Jaione Zabala über ihre Choreographie Path
Kulturwoche.at: Ihre Choreographie heißt "Path". War sein Weg "wunderlich"?
Jaione Zabala: Es gibt dieses Sprichwort "Wege entstehen dadurch, dass man sie geht". Mich hat also vor allem der Weg interessiert, den Fritz Wunderlich gegangen ist und diesen als Ausgangspunkt genommen, um von dort aus weiterzugehen, zu persönlichen Erinnerungen und Bildern. Ich fotografiere viel, und wenn ich an die Vergangenheit denke, erinnere ich mich in Momenten, in Augenblicken. Mein Stück hat daher nicht drei, sondern sieben Teile und ich wählte kürzere Musik, um Momente zu zeigen, so wie wir eben auf das Leben zurückblicken. So wählte ich letztendlich auch vor allem Musik wie Liszt und Chopin, die mich persönlich lange begleiteten. Einer dieser Momente ist z.B. der, am Anfang, wenn der Mann geht und die Frau alleine zurückbleibt. Sie bleibt alleine, aber es ist gleichzeitig auch ein Neubeginn. Ich dachte an Wunderlichs Mutter, die alleine blieb, nachdem sich ihr Mann das Leben genommen hatte. Oder auch Wunderlichs Frau, die nach seinem Tod übrigblieb. Und ich denke dabei zugleich auch an meine Mutter, denn mein Vater ist 2017 gestorben. Die Situationen sind unterschiedlich, aber wir Menschen haben dieselben Gefühle.

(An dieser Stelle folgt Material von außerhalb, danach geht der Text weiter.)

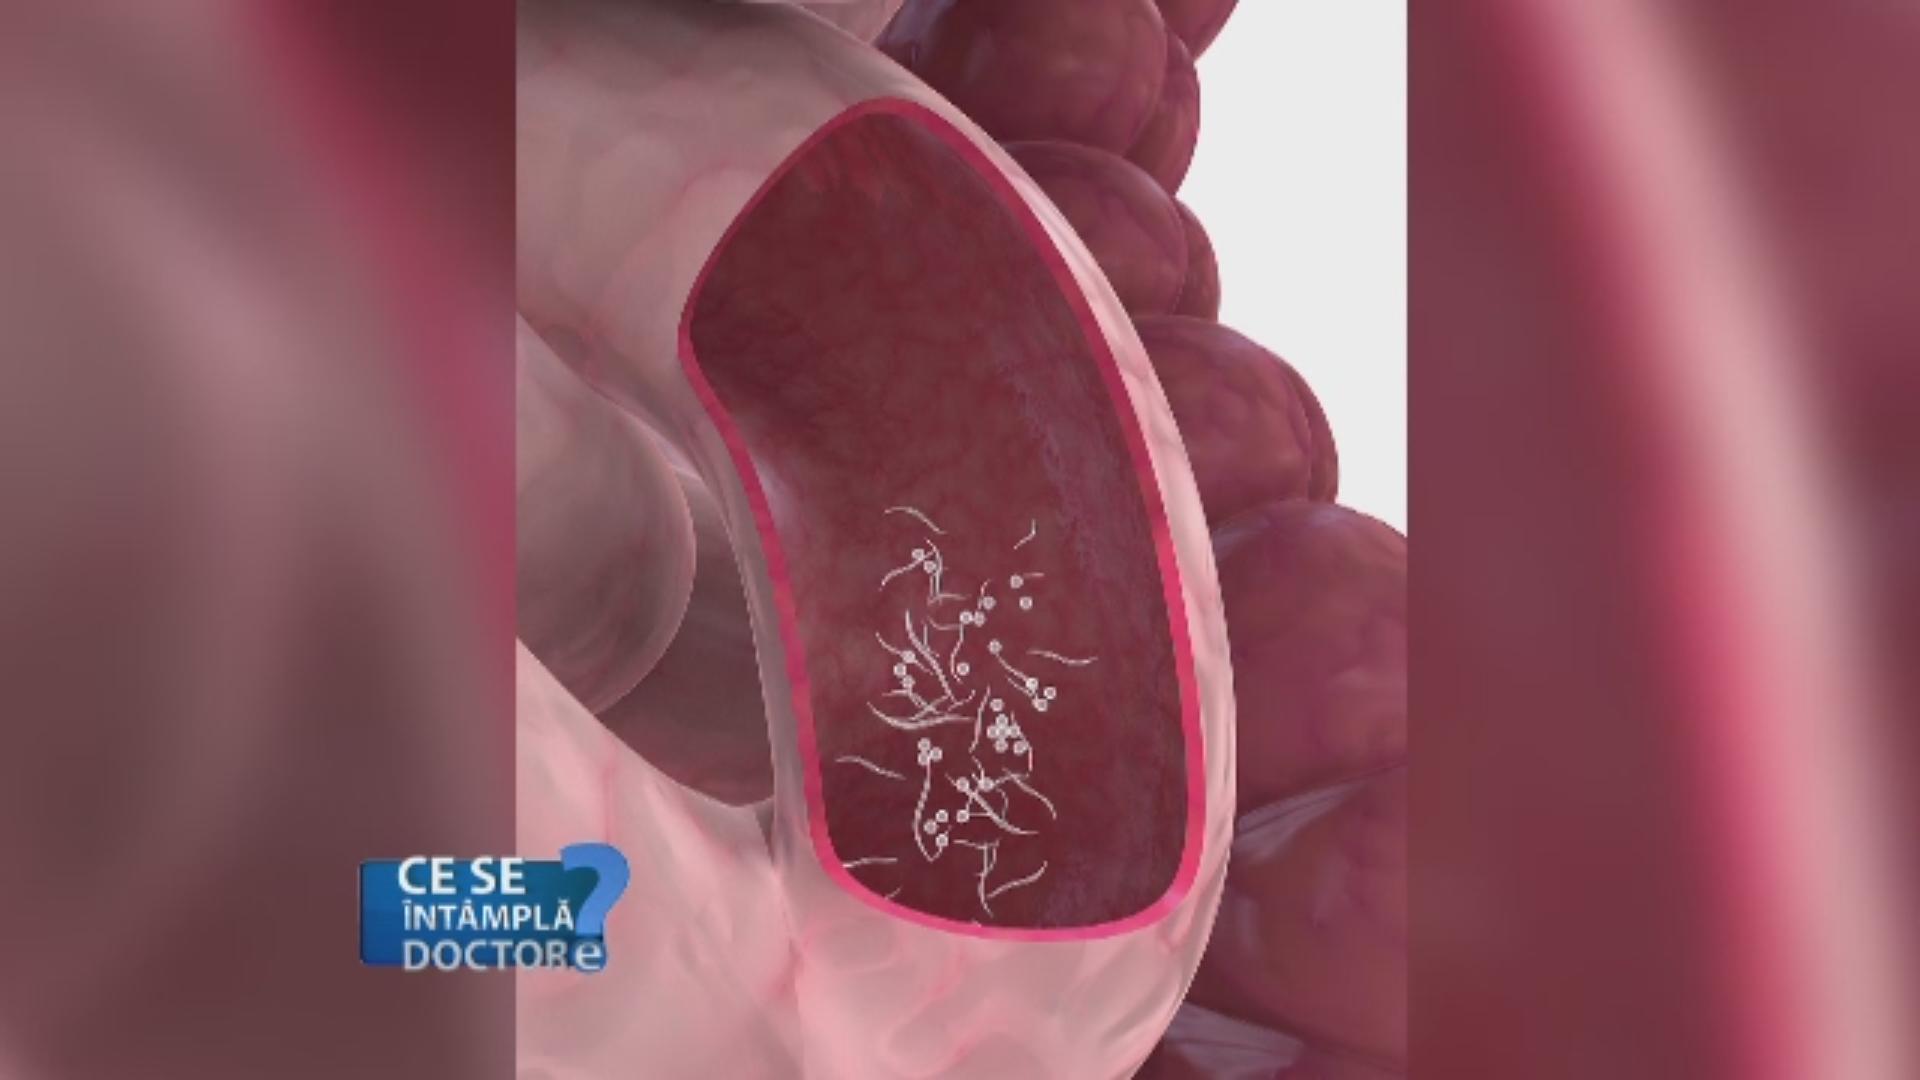 de la castri pentru prevenire papilloma vescicale recidiva

Fritz Wunderlich hätte ja, kurz vor Kriegsende, als Jugendlicher, noch einrücken müssen. Seine Mutter hatte ihn aber, sehr mutig, wieder aus dem Zug geholt. Es gibt daher auch einige Stellen, die auf den Zweiten Weltkrieg Bezug nehmen...
Ja, ich dachte an Wunderlichs Kindheit, die er in der Zeit des Krieges erlebte. Ich nahm Bäume auf, die projiziert werden, davor gehen Männer in einer Reihe. Sie sind wie Soldaten. Zuerst sind sie noch spielerisch, so wie junge Männer unter sich eben auch Spaß haben wenn sie von zu Hause fortfahren und es noch nicht ernst ist. Dann ersetzt langsam einer den anderen - und am Ende der sanften Musik bleiben nur zwei übrig. Für mich war das ein sehr starker Moment. Und dann fiel mir das Lied "Lilly Marleen" ein, das ich selbst oft gehört habe und damals ein Lied war, das alle gesungen haben. Alle, sowohl die Deutschen als auch die Alliierten. Und danach folgt eine fröhliche Jazz-Nummer, denn Wunderlich hatte eine Band, um Geld zu verdienen. Und es ist auch die Lebensfreude und der Erfolg, der Höhepunkt in seinem Leben, an dem es endete. Ich wählte hier moderne Menschen als Bezug zu uns heute. Man muss nicht alles verstehen. Ich möchte den Zusehern nicht sagen, was sie denken sollen, denn jeder Mensch ist und denkt anders und das ist sehr schön. Es genügt, die Schönheit darin zu sehen und es ist mehr eine Referenz wie der Gang durch das Leben.